Bulking- There is no doubt one may concentrate on getting bigger by eating too much along with hard and heavy training. The result is a large physique with too much body fat to exhibit muscle developed in the process. Body fat can be reduced, but it does take much longer to do without losing muscle in the process. Unlike building up the non-contractile components of the muscle to give one a full look. Honesty with one’s physique may be difficult. Using photos, the pinch test, or the jump test can all help in analyzing the physique. After getting to a certain point, one should trim down and see what they have developed from their strength training. Dieting down so as not to lose muscle developed in the process. Realizing that if the individual has never been very lean, they may not be able to maintain all their muscle gains to get the look they want.
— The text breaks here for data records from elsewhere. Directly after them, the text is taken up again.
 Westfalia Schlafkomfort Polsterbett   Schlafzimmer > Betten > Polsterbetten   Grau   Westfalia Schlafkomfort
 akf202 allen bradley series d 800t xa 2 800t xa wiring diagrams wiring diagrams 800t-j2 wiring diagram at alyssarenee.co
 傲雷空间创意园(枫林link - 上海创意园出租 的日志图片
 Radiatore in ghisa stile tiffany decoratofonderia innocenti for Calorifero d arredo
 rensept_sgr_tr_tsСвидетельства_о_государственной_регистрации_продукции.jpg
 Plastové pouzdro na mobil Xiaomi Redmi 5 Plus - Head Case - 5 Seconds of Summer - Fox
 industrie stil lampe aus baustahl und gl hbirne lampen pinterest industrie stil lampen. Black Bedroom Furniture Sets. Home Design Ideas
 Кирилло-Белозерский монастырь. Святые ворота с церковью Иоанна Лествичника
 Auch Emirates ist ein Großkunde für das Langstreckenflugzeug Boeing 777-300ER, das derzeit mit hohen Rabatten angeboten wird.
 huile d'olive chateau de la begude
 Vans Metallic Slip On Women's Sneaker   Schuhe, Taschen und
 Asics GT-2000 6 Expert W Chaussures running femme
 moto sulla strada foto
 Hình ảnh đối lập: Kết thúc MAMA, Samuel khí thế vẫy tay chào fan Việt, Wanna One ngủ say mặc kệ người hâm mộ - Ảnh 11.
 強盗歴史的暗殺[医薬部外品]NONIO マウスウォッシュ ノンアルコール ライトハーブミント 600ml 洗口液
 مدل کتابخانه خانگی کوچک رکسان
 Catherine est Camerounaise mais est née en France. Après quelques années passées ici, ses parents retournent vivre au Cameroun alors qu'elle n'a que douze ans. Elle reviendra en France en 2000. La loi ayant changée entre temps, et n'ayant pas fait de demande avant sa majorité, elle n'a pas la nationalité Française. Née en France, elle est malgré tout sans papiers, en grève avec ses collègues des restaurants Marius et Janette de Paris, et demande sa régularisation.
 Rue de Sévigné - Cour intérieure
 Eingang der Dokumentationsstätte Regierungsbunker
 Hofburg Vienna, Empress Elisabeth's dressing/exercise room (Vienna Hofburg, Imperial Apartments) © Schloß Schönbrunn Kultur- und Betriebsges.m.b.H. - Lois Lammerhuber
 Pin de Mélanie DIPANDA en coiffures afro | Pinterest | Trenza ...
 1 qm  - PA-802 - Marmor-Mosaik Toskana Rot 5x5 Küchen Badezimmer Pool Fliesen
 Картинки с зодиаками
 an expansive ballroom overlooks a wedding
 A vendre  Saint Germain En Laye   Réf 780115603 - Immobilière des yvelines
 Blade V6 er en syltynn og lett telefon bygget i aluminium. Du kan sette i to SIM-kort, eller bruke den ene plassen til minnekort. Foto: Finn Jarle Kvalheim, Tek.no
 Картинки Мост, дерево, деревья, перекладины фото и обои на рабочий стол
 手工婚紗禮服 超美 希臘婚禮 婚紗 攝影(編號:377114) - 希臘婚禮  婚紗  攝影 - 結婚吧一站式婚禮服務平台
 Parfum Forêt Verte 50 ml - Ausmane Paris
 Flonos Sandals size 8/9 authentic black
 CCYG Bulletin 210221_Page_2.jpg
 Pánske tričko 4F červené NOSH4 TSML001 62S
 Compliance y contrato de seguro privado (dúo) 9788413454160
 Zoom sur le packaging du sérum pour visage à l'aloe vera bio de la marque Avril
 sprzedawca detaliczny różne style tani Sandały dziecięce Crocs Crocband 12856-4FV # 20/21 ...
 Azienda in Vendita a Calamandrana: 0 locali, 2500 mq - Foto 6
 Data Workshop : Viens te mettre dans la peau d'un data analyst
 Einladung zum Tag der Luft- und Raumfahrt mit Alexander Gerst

With each argument against training for strength there are partial truths and reasoning that when first viewed can be misleading. True, heavy weights can become dangerous, hence the use of higher rep ranges or slower reps or even multiple sets or using techniques like pre-exhaustion can reduce the total weight load. Being honest and taking responsibility about how one is training and dieting will go along way into developing their potential to it’s maximum. Blaming the training program is so often the case with training that it is difficult to inspire anyone to get big and strong if gains do not transpire fast enough. If still in doubt, think about it, how many really small guys can consistently squat 405x20, press 200x10, chinup 100x12, etc, in a regular workout without excessive rest between sets, not using supportive gear, and using full range of motion?